Выжить могли «орднеры» — внутренние лагерные полицаи, из своих. Разумеется Юрий не стал орднером. Ещё выживали повара. Ещё мог выжить переводчик — таких искали. Но тут Юрий скрыл своё знание немецкого: он понимал, что переводчику придётся предавать своих. Ещё можно было оттянуть смерть копкой могил, но там были крепче его и проворней. Юрий заявил, что он — художник. Действительно, в его разнообразном домашнем воспитании были уроки живописи, Юра недурно писал маслом, и только желание следовать отцу, которым он гордился, помешало ему поступить в художественное училище.

Вместе с другим художником-стариком (жалею, что не помню его фамилии) им отвели отдельную кабину в бараке, и там Юрий писал комендантским немцам бесплатные картинишки — пир Нерона, хоровод эльфов, и за это ему приносили поесть. Та бурда, за которой военнопленные офицеры с шести утра занимали с котелками очередь, и орднеры били их палками, а повара черпаками, — та бурда не могла поддержать человеческую жизнь. Вечерами из окна их кабины Юрий видел теперь ту единственную картину, для которой дано ему было искусство кисти: вечерний туманец над приболотным лугом, луг обнесён колючей проволокой, и множество горит на нём костров, а вокруг костров — когда-то советские офицеры, а сейчас звероподобные существа, грызущие кости павших лошадей, выпекающие лепёшки из картофельной кожуры, курящие навоз и все шевелящиеся от вшей.

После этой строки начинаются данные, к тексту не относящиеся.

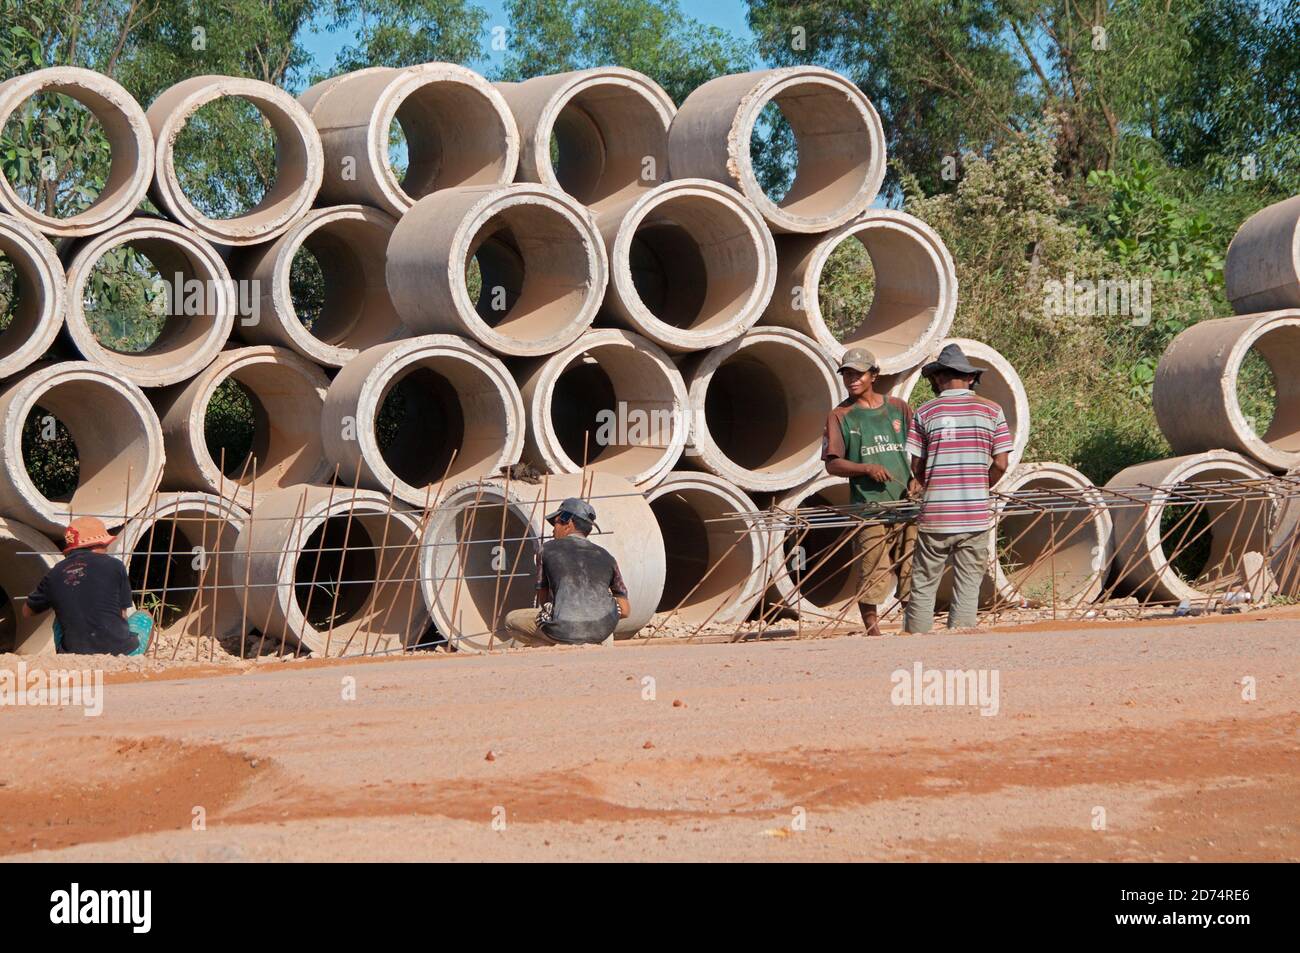 Sihanoukville, Cambodia - 30th December 2018 : View of a cambodian road construction site with workers on the street and many drainage concrete pipes Stock Photo

Ещё не все эти двуногие издохли. Ещё не все они утеряли членораздельную речь, и видно в багряных отсветах костра, как позднее понимание прорезает лица их, опускающиеся к неадертальцам.

Полынь во рту! Жизнь, которую Юрий сохраняет, уже не мила ему сама по себе. Он не из тех, кто легко соглашается забыть. Нет, ему достаётся выжить — он должен сделать выводы.

Им уже известно, что дело — не в немцах, или не в одних немцах, что из пленных многих национальностей только советские так живут, так умирают, — никто хуже советских. Даже поляки, даже югославы содержатся гораздо сносней, а уж англичане, а норвежцы — они завалены посылками международного Красного Креста, посылками из дому, они просто не ходят получать немецкого пайка. Там, где лагеря рядом, союзники из доброты бросают нашим через проволоку подачки, и наши бросаются как свора собак на кость.

Русские вытягивают всю войну — и русским такой жребий. Почему так?

Оттуда, отсюда постепенно приходят объяснения: СССР не признаёт русской подписи под гаагской конвенцией о пленных, значит не берёт никаких обязательств по обращению с пленными и не претендует на защиту своих, попавших в плен.[62] СССР не признаёт международного Красного Креста. СССР не признаёт своих вчерашних солдат: нет ему расчёта поддерживать их в плену.